Cuellar, Segovia - lunch 3.15pm. For 20kms we have followed the same route as we did last year on the road from Bilbao to Sevilla.

In Campaspero several of the locals who were enjoying their Sunday cervezas outside the bars and cafés clearly recognised us.

"Mire! Es El Cabron!"

"Si Senior, and he have brought with him all the same old kit he brought last year! His chain iss muy knackered!"

"Si. At least Monty Panesar bring with him a new bike and gel shorts."

Pedrazas de San Esteban, 7pm.

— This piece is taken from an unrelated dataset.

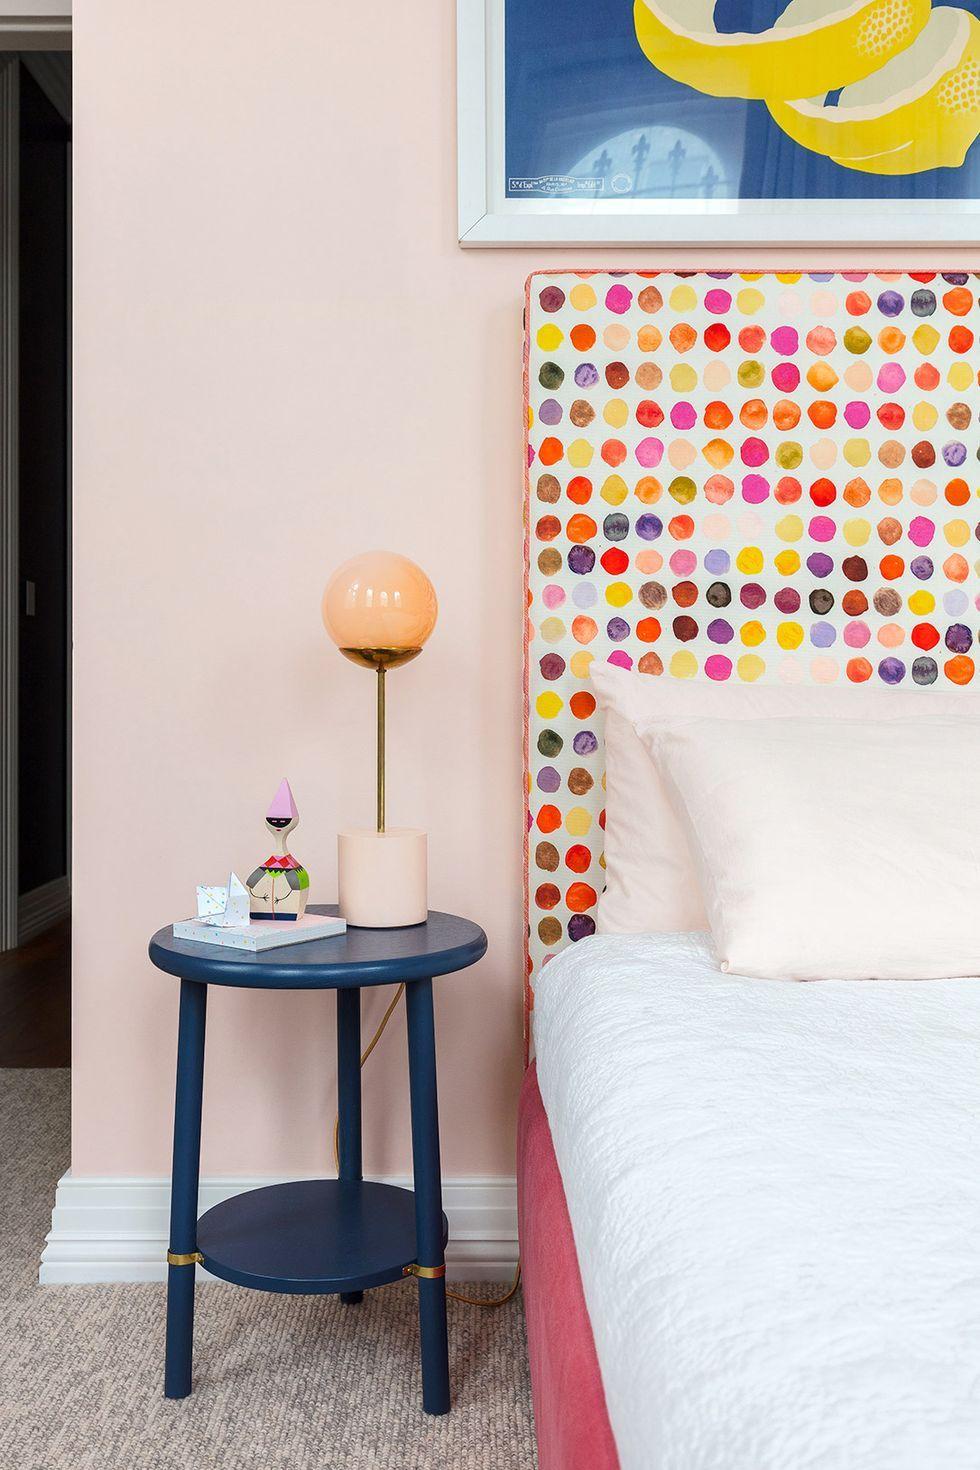 teen bedroom ideas - statement headboard

Another 100 kilometres and we are in a one street town in the middle of nowhere that is a whole lot busier than anyone would imagine it should be.

The plan was to stop in Iscar, 5kms to the east, but when we got there a storm was brewing and the two hotels in town were shut on Sundays so I got the space blankets ready for a night in the open and we moved on.

A lot of people ask what we do all day on a bike.

One of the things we do is hallucinate, probably due to the lack of food.

Today I spotted a statue of Winston Churchill smoking a fat cigar but it turned out to be the funnel of a chemical plant.

Later on the Goat had similar problems identifying a pair of grain silos, claiming that he could see the Everly Brothers.

All the talk in the bars here is of Alberto Contador and his forthcoming battle against Lance Armstrong in the Tour de France.

Before we left Blighty there was a documentary on Channel 4 called The Science of Lance Armstrong which showed the level of microscopic analysis undertaken by Armstrong's team in their search for the perfect ride.

Mostly the said research was conducted in an aviation wind tunnel.

A £5,000 bike was set up with Lance in his streamlined kit on board with an engine off a Boeing 747 blowing wind past him at a thousand kph.

None of this would make a blind bit of difference to us of course but, for a moment, I have this vision of the Goat in the tunnel with his panniers flapping shabbily at the back of his bike and his ridiculous headband disturbing the airflow over his head when one of Lance's technicians walks in and says, "Who's left this bag of burro crap in the wind tunnel?"

Meantime the computers are registering a drag coefficient so far off the scale that red lights start flashing and bleeps start bleeping all of which is a precursor to the inevitable smoke that will indicate that the whole shooting match is about to blow - that is The Science of The Goat and, believe me, the Tour de France has nothing to fear.